Bonjour Florent, raconte-nous ton parcours en toute transparence !

Tout a commencé pour moi le dimanche 13 septembre 1987  à  7h25 après une nuit bien agitée, dans la clinique Baie des Anges de Cagnes-sur-Mer… Bon, je ne vais peut-être pas rentrer dans tous les détails depuis ma naissance, mais il me semble tout de même important de préciser que dès ma tendre enfance, j’ai eu la chance de beaucoup voyager, que ce soit avec mes parents en France ou à l’étranger, ou bien avec mes grands-parents en camping-car. Ce n’était pas toujours très éloigné de ma région natale, mais aussi loin que je me souvienne, ce sentiment de dépaysement me procurait déjà quelque chose de très agréable.

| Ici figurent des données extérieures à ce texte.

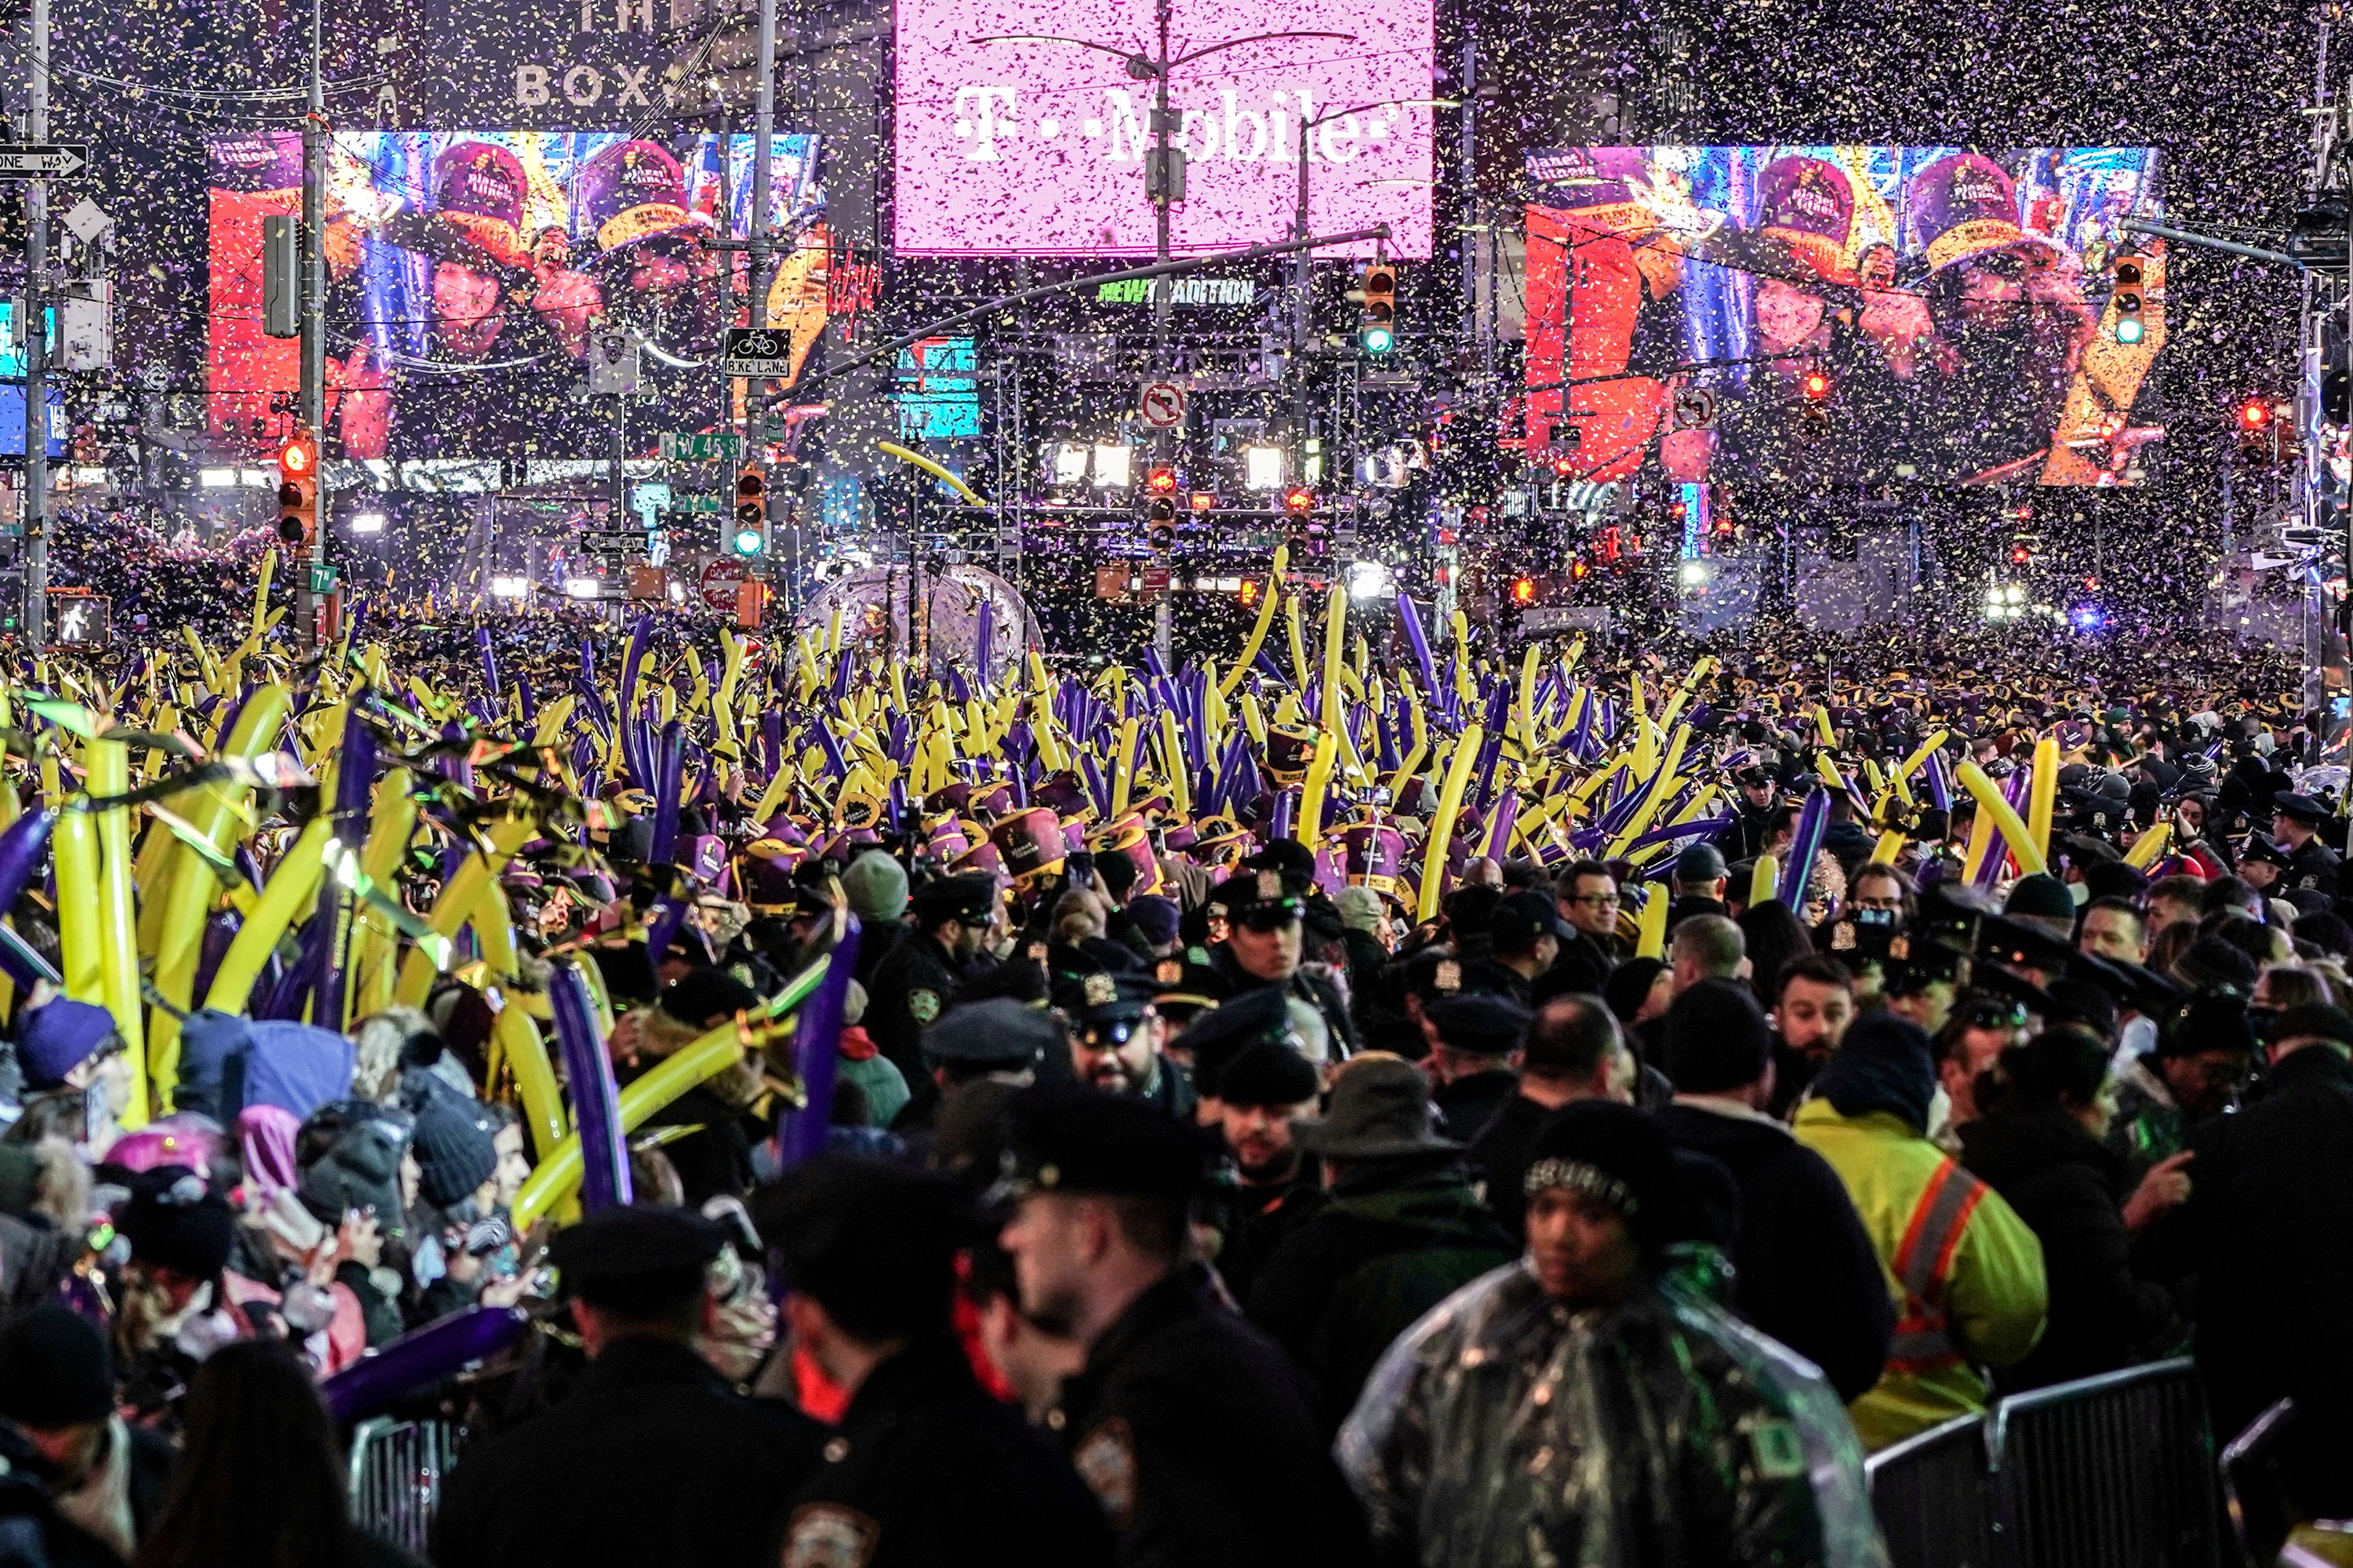 FOTO DE ARCHIVO: Celebraciones de Año Nuevo en Times Square, en el barrio de Manhattan de la ciudad de Nueva York, Estados Unidos, el 31 de diciembre de 2019.REUTERS/Jeenah Moon

Mais à l’époque, je ne rêvais pas encore d’une année sabbatique. L’idée est véritablement apparue pendant les classes préparatoires. Avec mes deux meilleurs amis, nous avions besoin de rêver plus grand pour tenir le coup durant nos études. Un vendredi soir à la veille d’un devoir surveillé de maths, l’idée a surgi de partir faire un tour du monde, pendant un an. On ne savait pas encore quand, ni comment, mais cela venait de germer dans nos esprits et ne nous a plus jamais quitté.

Par la suite, je suis allé tout seul à l’autre bout de la France pour commencer mes études d’ingénieur à Nancy. Et lorsque mon école d’alors, l’ENSEM (École Nationale Supérieur d’Électricité et de Mécanique), a proposé un échange universitaire d’un semestre au Brésil, j’ai tout de suite sauté sur l’occasion. À 21 ans, c’était donc ma première expérience de vie à l’étranger. En rentrant en France pour finaliser mes études, je savais déjà que j’allais repartir, plus loin et plus longtemps encore, il ne me restait plus qu’à mettre un peu d’argent de côté. Et pour cela, j’ai donc commencé à travailler…

Comment as-tu annoncé ton départ à ton employeur et quelle a été sa réaction ?

Lorsque je me suis présenté face à mon employeur, cela faisait à peine plus d’un an que j’étais en CDI dans l’entreprise, il aurait donc eu tous les droits de me dire non. En effet, d’un point de vue légal, il faut avoir plus de 5 ans d’expérience dans l’entreprise, et être à sa deuxième demande en moins de 6 mois pour que l’employeur ne puisse refuser, ce qui était loin d’être mon cas.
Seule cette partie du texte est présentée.